By collaborating with eight international partners that will target specific research questions across four key sectors (K-12, college, higher education and informal learners) the project aims to gather solid evidence base for these hypotheses. At the same time it will gather and analyse existing evidence from other projects.

There are a number of beliefs that are often stated for OERs, such as that using them leads to a cost reduction in course production. While this seems obvious, there may be confounding factors, such as the time taken to find and then modify the resources. The Research Hub seeks to provide a firmer evidence base for these claims. It may be that some are weaker than is commonly believed, or only apply under certain circumstances. For instance, it could be the case that for some learners the use of OER doesn’t lead to a significant cost reduction, but the resultant variety in course material leads to greater student satisfaction. It is establishing these kinds of recommendations that are the aim of the project.

The two-year project has just commenced and will be adopting an open policy to dissemination, including publishing in open access journals, use of social media, releasing open data, aggregating other research and running an open conference. The first tasks are to establish the research hub, which will act as the central dissemination source, and to finalise the research approaches with each of the collaborations. With projects as diverse as teacher training in India, the use of open textbooks, learner motivation in MOOCs and community college student retention, there is a considerable planning and coordination phase under way. Each of these projects will have a fellow who will visit the Open University for a period, creating a network of researchers. This model was successfully deployed on a previous project, OLnet (www.olnet.org). You can find out more about the project by following us on twitter (@OLnet_OER_Hub)

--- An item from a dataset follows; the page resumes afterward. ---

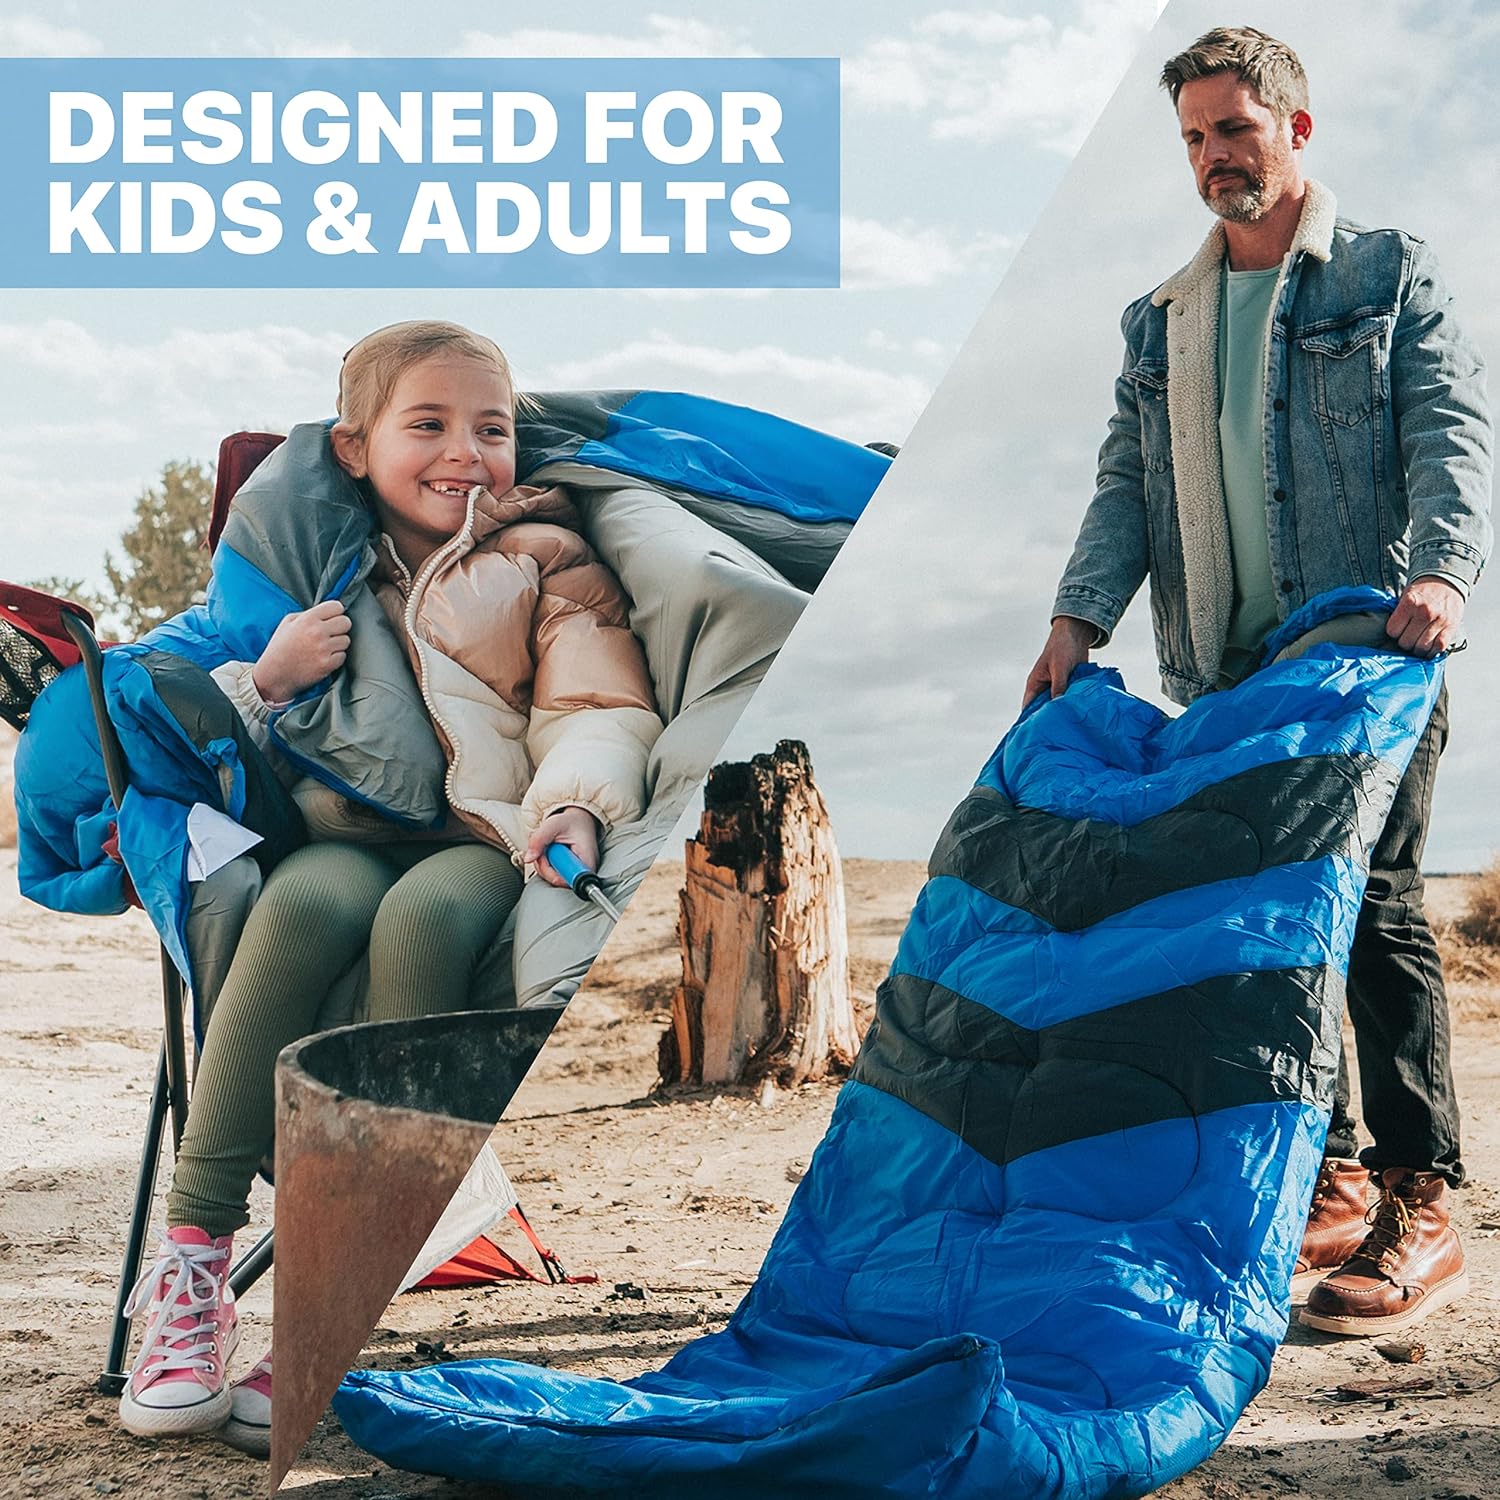 Sleeping Bags for Adults Cold Weather & Warm - Backpacking Camping Sleeping Bag for Kids 10-12, Girls, Boys - Lightweight Compact Camping Gear Must Haves Hiking Essentials Sleep Accessories

As the recent announcement from BFI to release 10,000 films online demonstrates, the concept of opening up archives has spread beyond purely higher education institutions. By establishing a firm research basis on which others make decisions, the OU team hopes to enrich further the global open archive. Any resource can be viewed as an educational resource after all, if it is used in the appropriate context, so the benefits of using, sharing and remixing OERs goes beyond higher education to any activity that involves learning. There are many implications for film – communities with an interest in an obscure genre can create their own MOOC, individuals can remix resources from different providers to contrast works, open works can be translated, or analysed with group annotations, and so on. It is the open aspect of OERs that allows for unpredictable and innovative use.